The table below shows the relative precedences and associativity of operators and non-closed constructions. The constructions with higher precedence come first. For infix and prefix symbols, we write ``*...'' to mean ``any symbol starting with *''.

Construction or operator Associativity

prefix-symbol --

. .( .[ --

function application left

constructor application --

- -. (prefix) --

**... right

*... /... %... mod left

+... -... left

:: right

@ ^ right

comparisons (= == < etc.), all other infix symbols left

not --

& && left

or || left

, --

<- := right

if --

; right

let match fun function try --

Construction or operator	Associativity
prefix-symbol	--
`. .( .[`	--
function application	left
constructor application	--
`- -.` (prefix)	--
`**`...	right
`*`... `/`... `%`... `mod`	left
`+`... `-`...	left
`::`	right
`@` `^`	right
comparisons (`= == <` etc.), all other infix symbols	left
`not`	--
`& &&`	left
`or \|\|`	left
`,`	--
`<- :=`	right
`if`	--
`;`	right
`let match fun function try`	--

Basic expressions

Constants

Expressions consisting in a constant evaluate to this constant.

Value paths

Expressions consisting in an access path evaluate to the value bound to this path in the current evaluation environment. The path can be either a value name or an access path to a value component of a module.

Parenthesized expressions

The expressions ( expr ) and begin expr end have the same value as expr. Both constructs are semantically equivalent, but it is good style to use begin...end inside control structures:

        if ... then begin ... ; ... end else begin ... ; ... end

and (...) for the other grouping situations.

Parenthesized expressions can contain a type constraint, as in ( expr : type ). This constraint forces the type of expr to be compatible with type.

Parenthesized expressions can also contain coercions ( expr [: type] :> type ) (see subsection 5.8 below).

Function application

Function application is denoted by juxtaposition of expressions. The expression expr₁ expr₂...expr_n evaluates the expressions expr₁ to expr_n. The expression expr₁ must evaluate to a functional value, which is then applied to the values of expr₂,...,expr_n. The order in which the expressions expr₁,...,expr_n are evaluated is not specified.

Function definition

Two syntactic forms are provided to define functions. The first form is introduced by the keyword function:

function pattern1 -> expr1
       | ...
       | patternN -> exprN

This expression evaluates to a functional value with one argument. When this function is applied to a value v, this value is matched against each pattern pattern₁ to pattern_n. If one of these matchings succeeds, that is, if the value v matches the pattern pattern_i for some i, then the expression expr_i associated to the selected pattern is evaluated, and its value becomes the value of the function application. The evaluation of expr_i takes place in an environment enriched by the bindings performed during the matching.

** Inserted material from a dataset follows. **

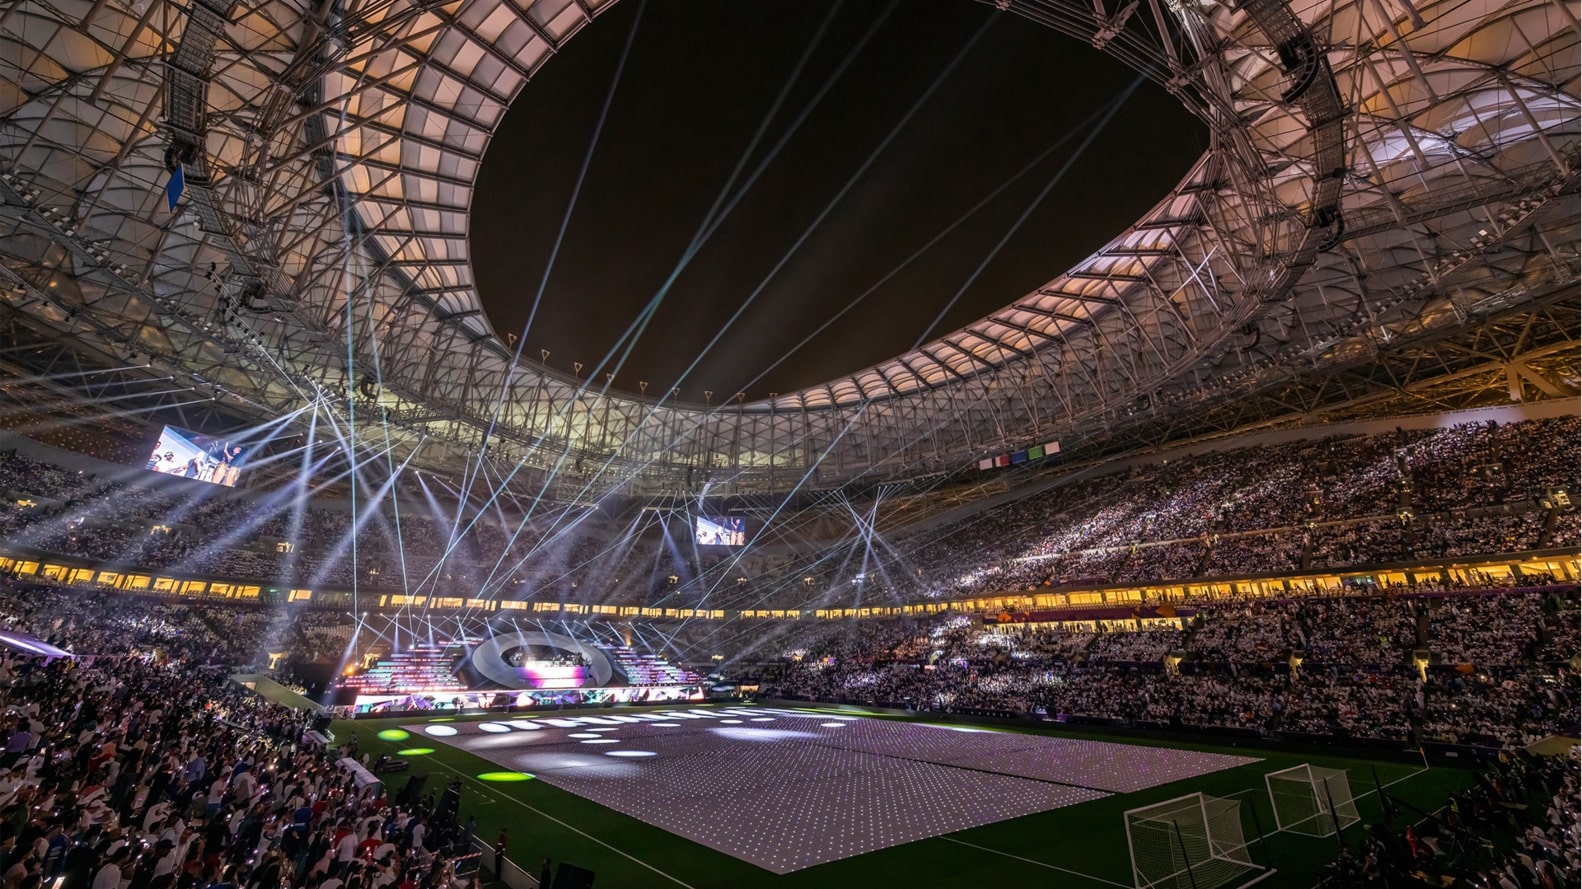 Các SVĐ World Cup 2022 ở Qatar được làm mát như thế nào?

If several patterns match the argument v, the one that occurs first in the function definition is selected. If none of the patterns matches the argument, the exception Match_failure is raised.

The other form of function definition is introduced by the keyword fun:

fun pattern₁...pattern_n -> expr

This expression is equivalent to:

function pattern₁ ->...function pattern_n -> expr

That is, the fun expression above evaluates to a curried function with n arguments: after applying this function n times to the values v₁ ... v_m, the values will be matched in parallel against the patterns pattern₁...pattern_n. If the matching succeeds, the function returns the value of expr in an environment enriched by the bindings performed during the matchings. If the matching fails, the exception Match_failure is raised.

Guards in pattern-matchings

Cases of a pattern matching (in the function, fun, match and try constructs) can include guard expressions, which are arbitrary boolean expressions that must evaluate to true for the match case to be selected. Guards occur just before the -> token and are introduced by the when keyword:

function pattern1 [when cond1] -> expr1
       | ...
       | patternN [when condN] -> exprN

Matching proceeds as described before, except that if the value matches some pattern pattern_i which has a guard cond_i, then the expression cond_i is evaluated (in an environment enriched by the bindings performed during matching). If cond_i evaluates to true, then expr_i is evaluated and its value returned as the result of the matching, as usual. But if cond_i evaluates to false, the matching is resumed against the patterns following pattern_i.

Local definitions

The let and let rec constructs bind value names locally. The construct

let pattern₁ = expr₁ and...and pattern_n = expr_n in expr

evaluates expr₁...expr_n in some unspecified order, then matches their values against the patterns pattern₁...pattern_n. If the matchings succeed, expr is evaluated in the environment enriched by the bindings performed during matching, and the value of expr is returned as the value of the whole let expression. If one of the matchings fails, the exception Match_failure is raised.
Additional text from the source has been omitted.